Why it matters: These differences will shape how each firm fares in the court of public opinion and the labyrinth of regulatory action as they try to counter lawmakers' charges of monopolistic practices, privacy violations, censorship, and tolerance of misinformation.
What they do:
- Facebook's mission is to "bring the world closer together" through its social network: it connects people with other people.
- Google, whose mission is "to organize the world's information and make it universally accessible and useful," connects people with information.
- Amazon's aim is "to continually raise the bar of the customer experience." Let's just say it connects people with goods.
- Apple's mission, "to make great products," might be described as giving people the best devices to make all of the above possible.
How they make money:
- Both Facebook and Google sell ads. Together, they're predicted to collect roughly 52% of all U.S. digital ad dollars this year (per eMarketer).
- Amazon is a retailer that also runs a marketplace for other merchants. It also has a huge cloud services business ($75 billion in revenue for the first quarter of 2020).
- Apple sells hardware.

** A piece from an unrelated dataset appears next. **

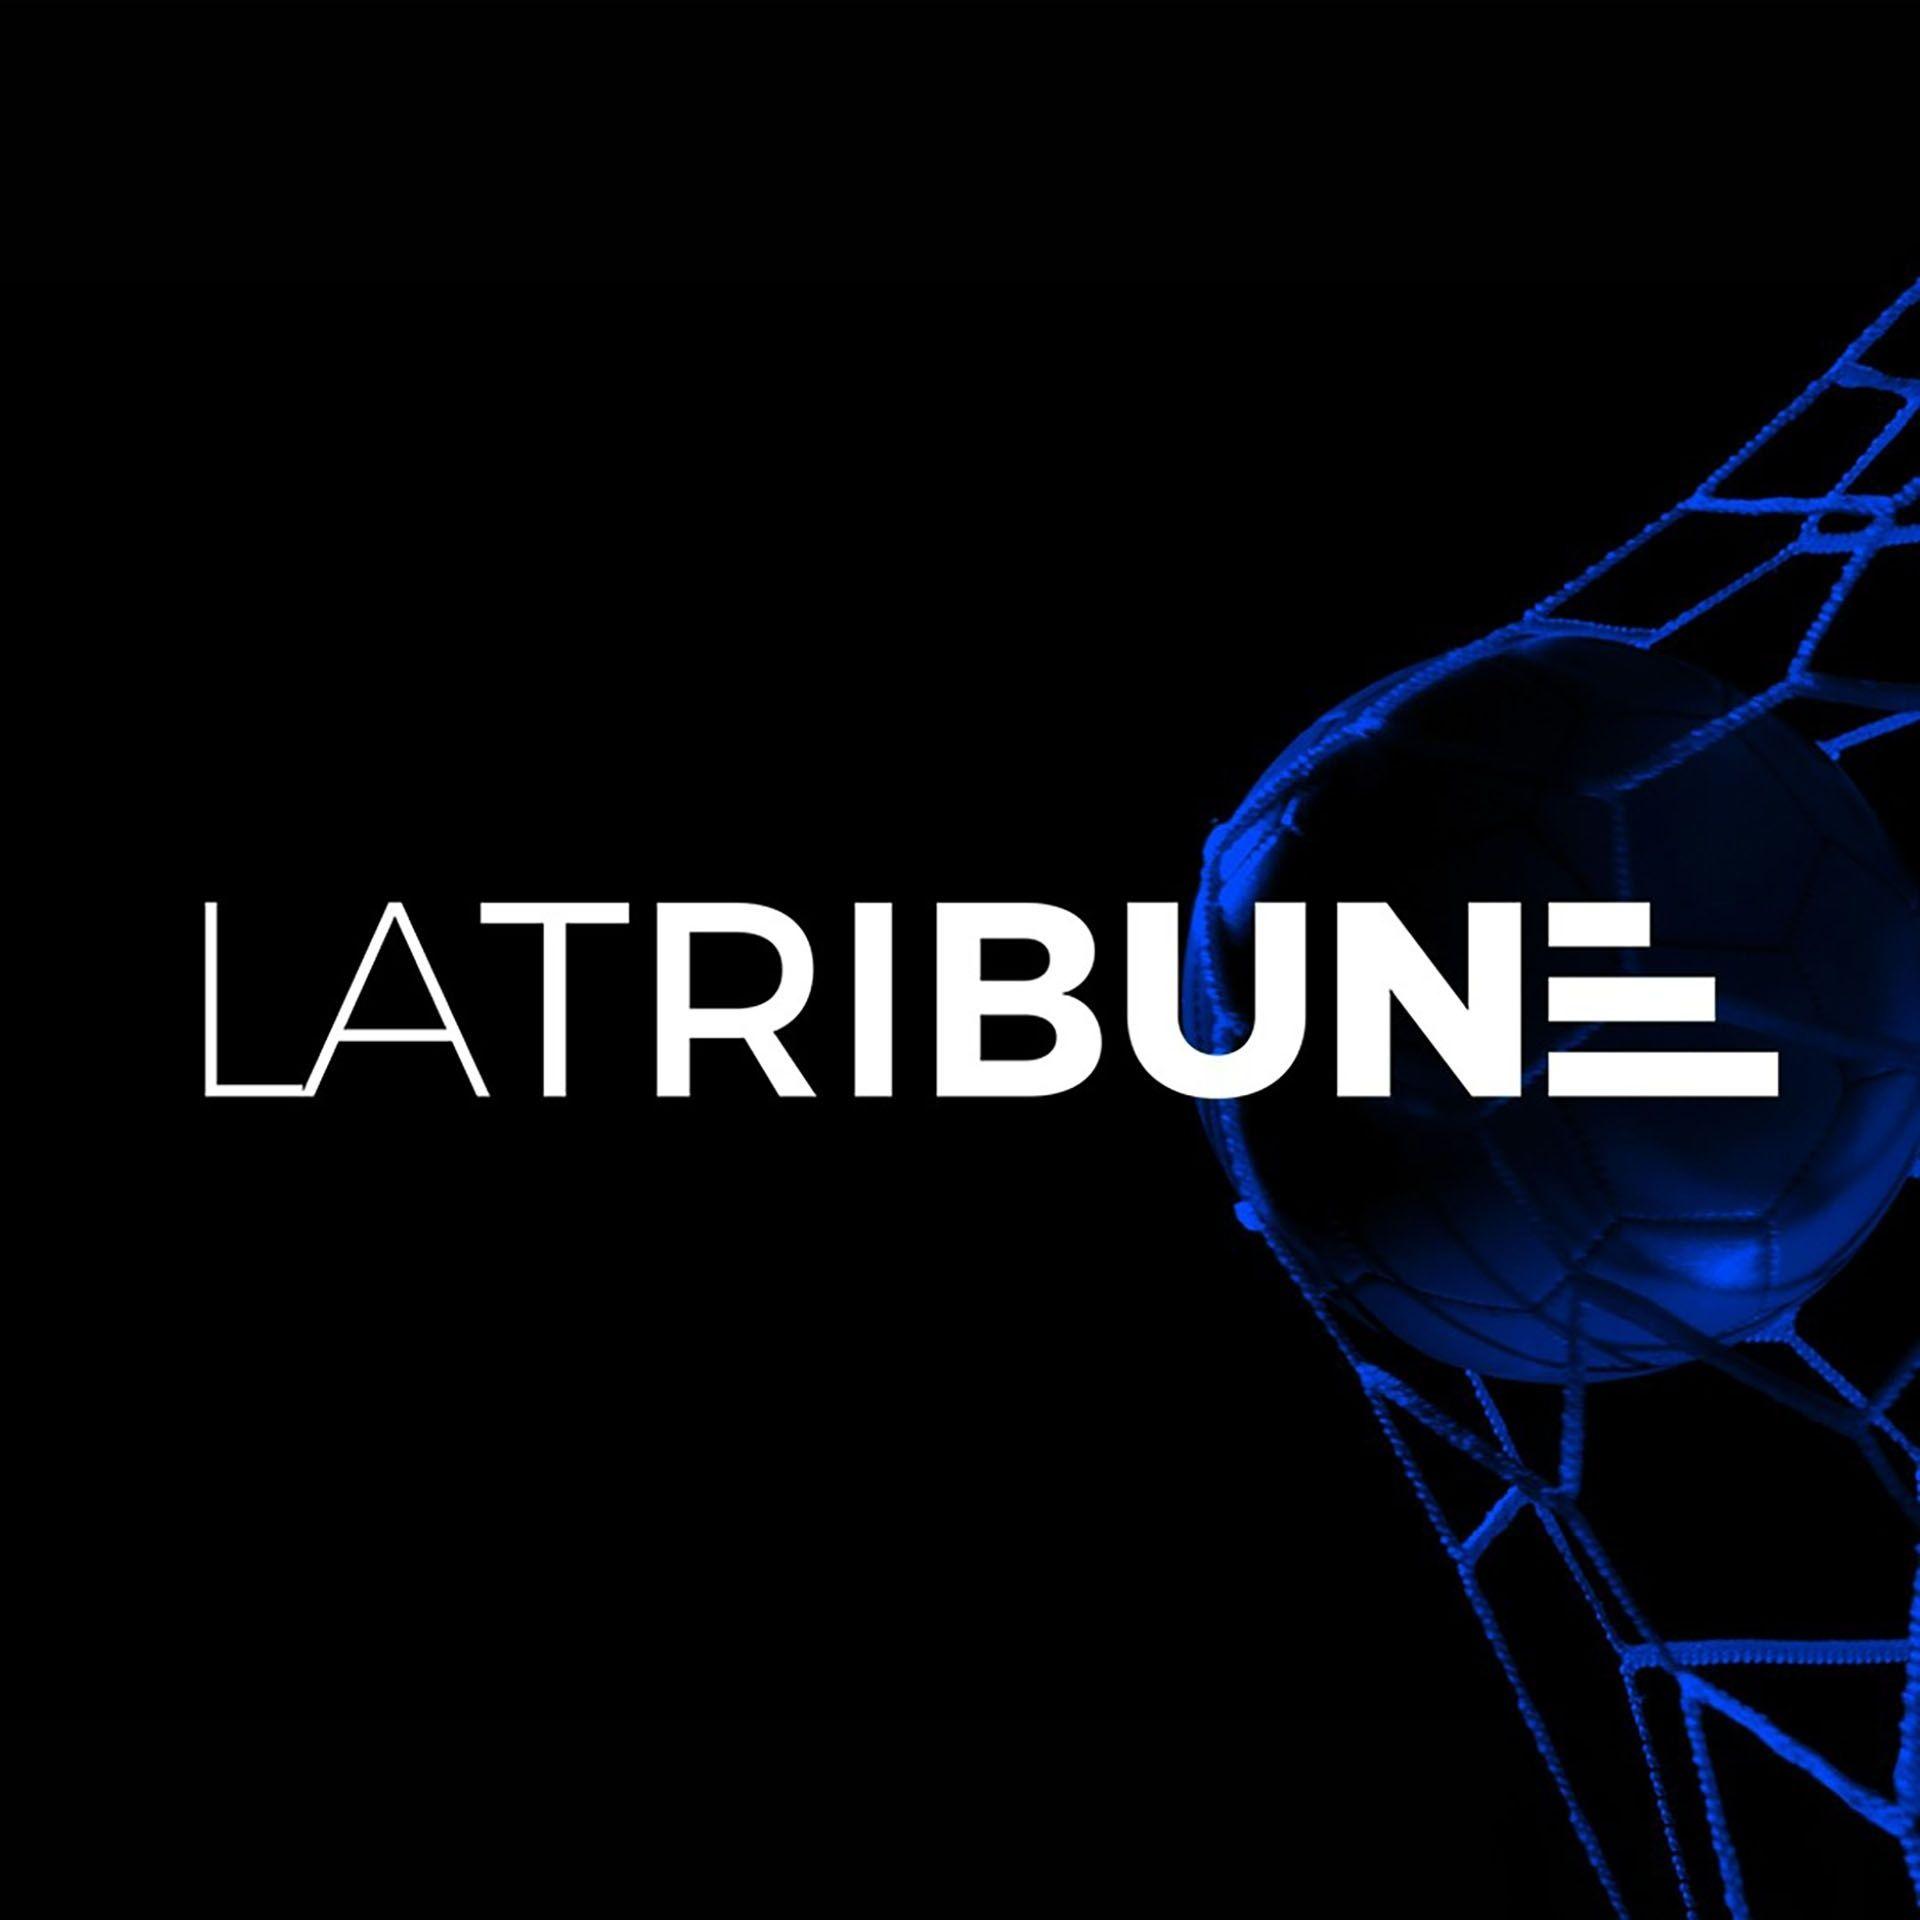 La Tribune - Podcast

It's also building revenue from services — more than $13 billion in the most recent reported quarter, making that line bigger than its Mac and iPad businesses.
Who's in charge:
- Zuckerberg founded Facebook and retains a controlling majority of voting shares, which makes him effectively an absolute ruler.
- Bezos founded Amazon and has run it from the start, though his substantial stake does not come with voting control of the company.
- Cook and Pichai both succeeded powerful founders (Steve Jobs and Larry Page) in the CEO chair, and though there's no sign that either of them faces a challenge, they are much more answerable to their boards as a result.
Where they're based:
- Facebook, Google, and Apple are all headquartered within miles of each other a half-hour south of San Francisco.
- Amazon, like Microsoft, is based in Seattle, but it gets lumped in with Silicon Valley nonetheless — at least as a state of mind.
How they're structured:
- Facebook acquired Instagram in 2012 and WhatsApp in 2014 and, though it has moved to integrate them technically, it still operates both as distinct services. That gives lawmakers a potential way to think about breaking up the company.
- Google's acquisition of DoubleClick in 2007 set up its dominant position in the digital-ad market. YouTube, its vast video platform, also operates independently.
- Amazon's hugely successful Web Services cloud service operates relatively separately from the company's main business, and some critics have called for the two to be separated.
- Apple has rarely grown through big acquisitions and offers regulators few obvious fissures to cleave. If they wanted to consider somehow splitting it up, they'd likely explore breaking the App Store off from the iPhone's operating system and Apple's control.
Yes, but: The fact that there are four tech superpowers to begin with suggests there's still plenty of competition that opponents of antitrust action can cite.
These companies are all in one another's businesses.
- Apple and Google offer competing smartphone operating systems (iOS and Android).
- Facebook and Google's huge ad businesses are in competition with each other, and Amazon competes here too, with its roughly 10 percent share of the digital ad market growing.
- Amazon Web Services faces competition from Google as well as Microsoft, IBM, Oracle and smaller players.
- Google and Amazon both make devices that compete with Apple, and even Facebook has gotten into the act (with Portal and Oculus).
- Each company has deep investments in AI products and research, and each has a voice assistant (Facebook's long-rumored entrant is still in development).
- Microsoft remains a strong competitor in many areas, too.
Our thought bubble: Antitrust is all about defining markets. You can't have a monopoly unless it's clear what the monopoly is on.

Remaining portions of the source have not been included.